**What you are asked to do:** Everything in the data gets repeated exactly, except for the pictures.

**Provided data:**
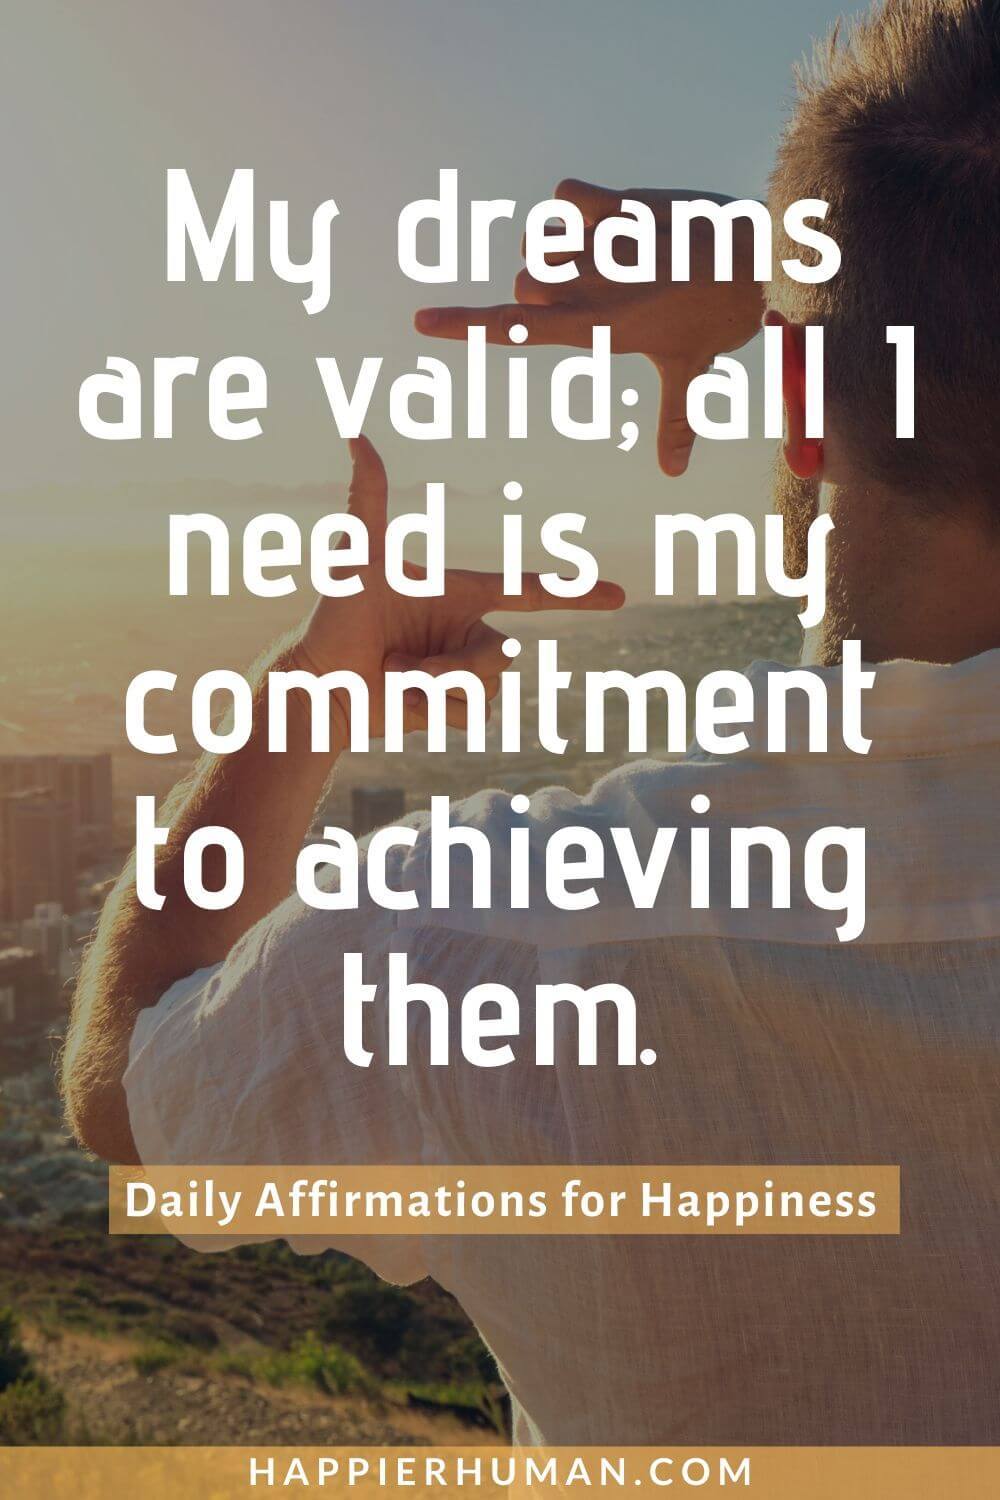 Daily Affirmations for Happiness - My dreams are valid; all I need is my commitment to achieving them. | affirmations for confidence | you are affirmations | affirmations for motivation #affirmationswork #quotes #sayings
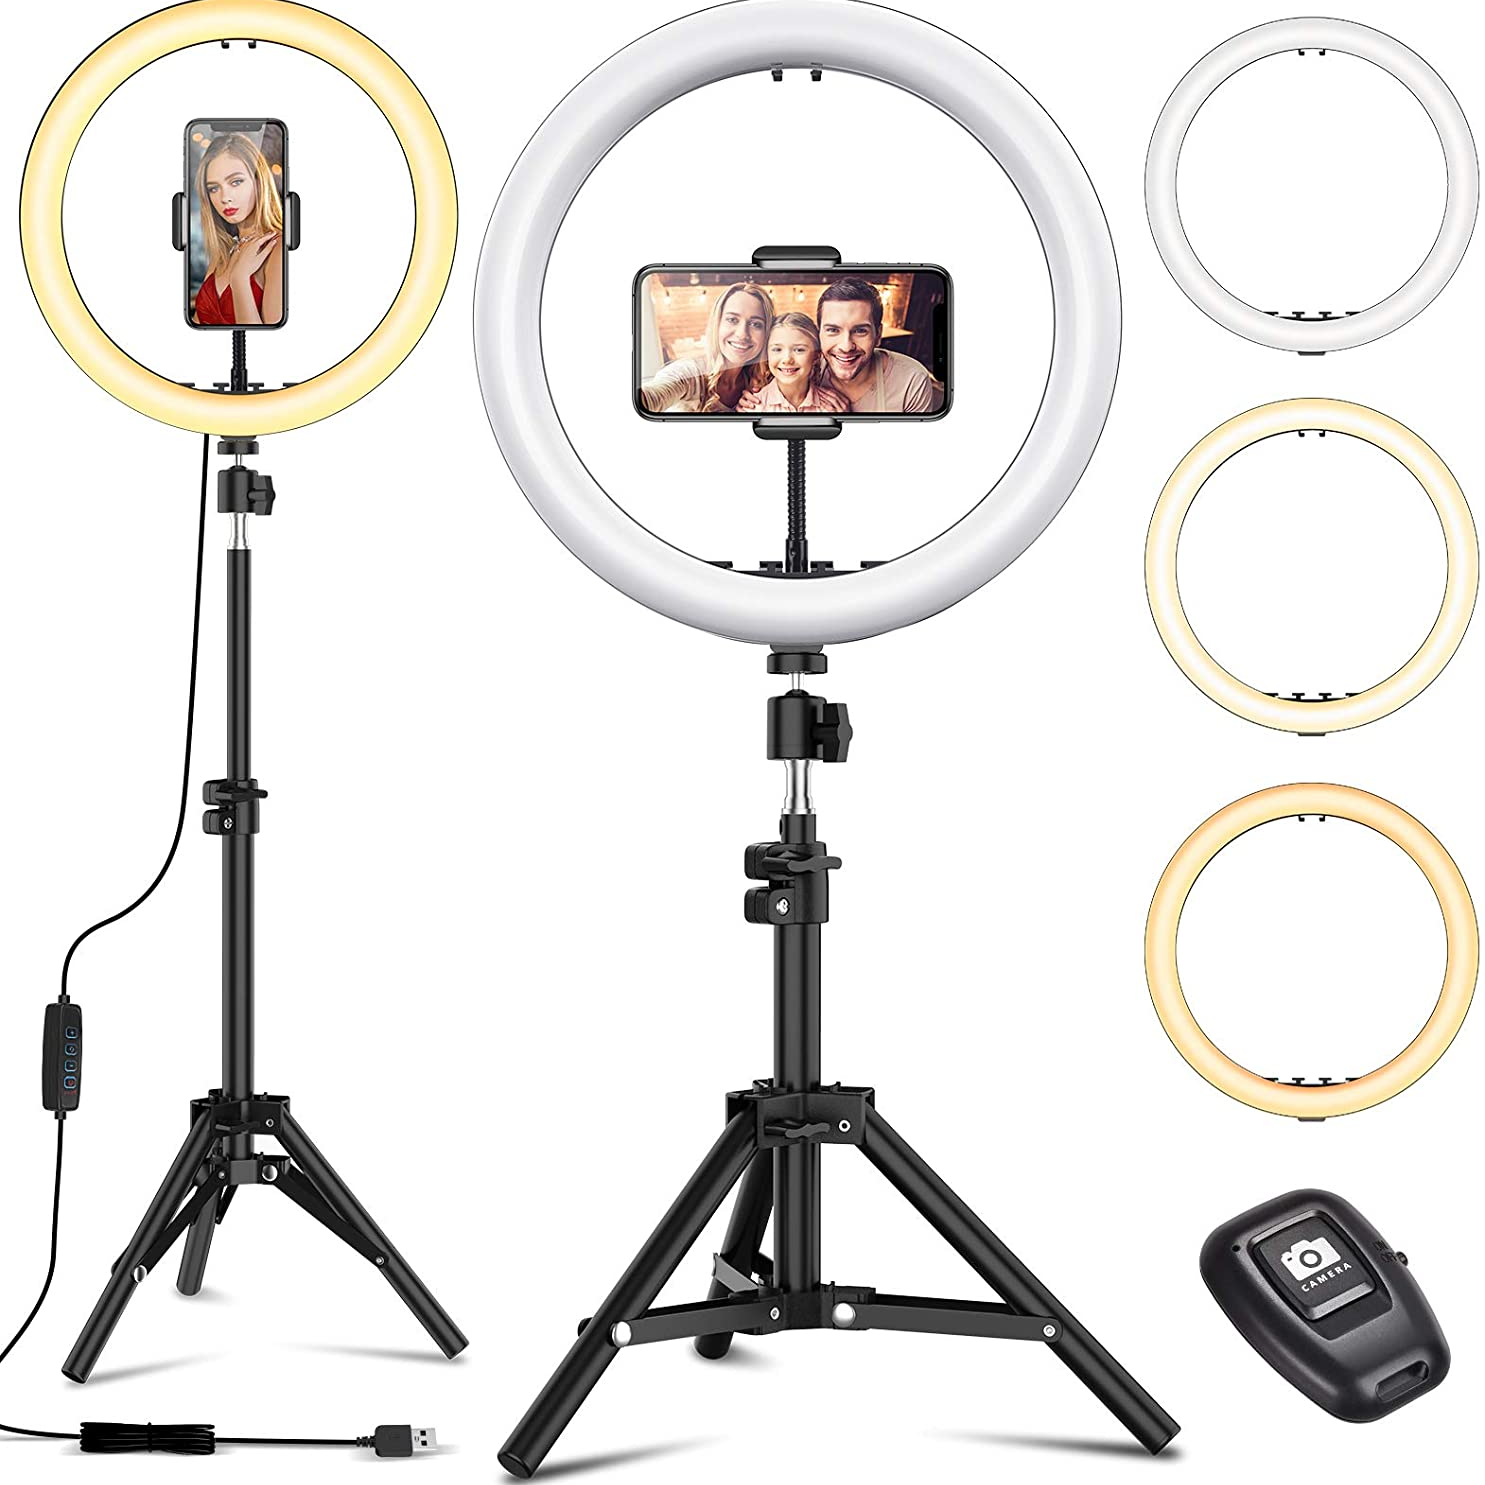 

ELEGIANT EGL-02P 12 inch 3 Color Modes Dimmable LED Ring Full Light Tripod Stand Live Selfie Holder with Remote Control
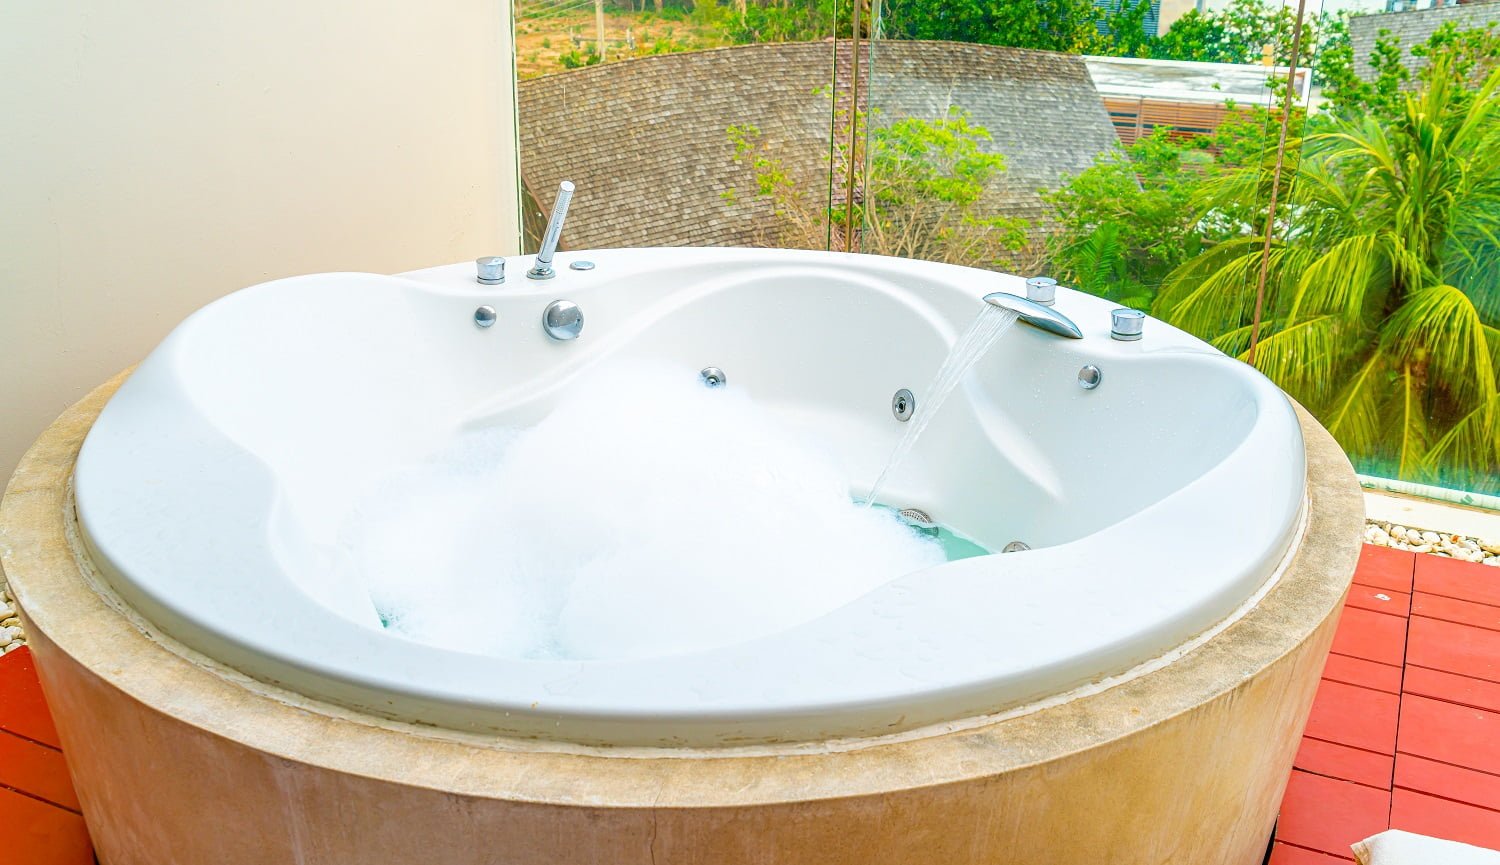 Jacuzz Best Places To Buy A Hot Tub decoration on balcony

**Answer section:**
 Daily Affirmations for Happiness - My dreams are valid; all I need is my commitment to achieving them. | affirmations for confidence | you are affirmations | affirmations for motivation #affirmationswork #quotes #sayings

ELEGIANT EGL-02P 12 inch 3 Color Modes Dimmable LED Ring Full Light Tripod Stand Live Selfie Holder with Remote Control
 Jacuzz Best Places To Buy A Hot Tub decoration on balcony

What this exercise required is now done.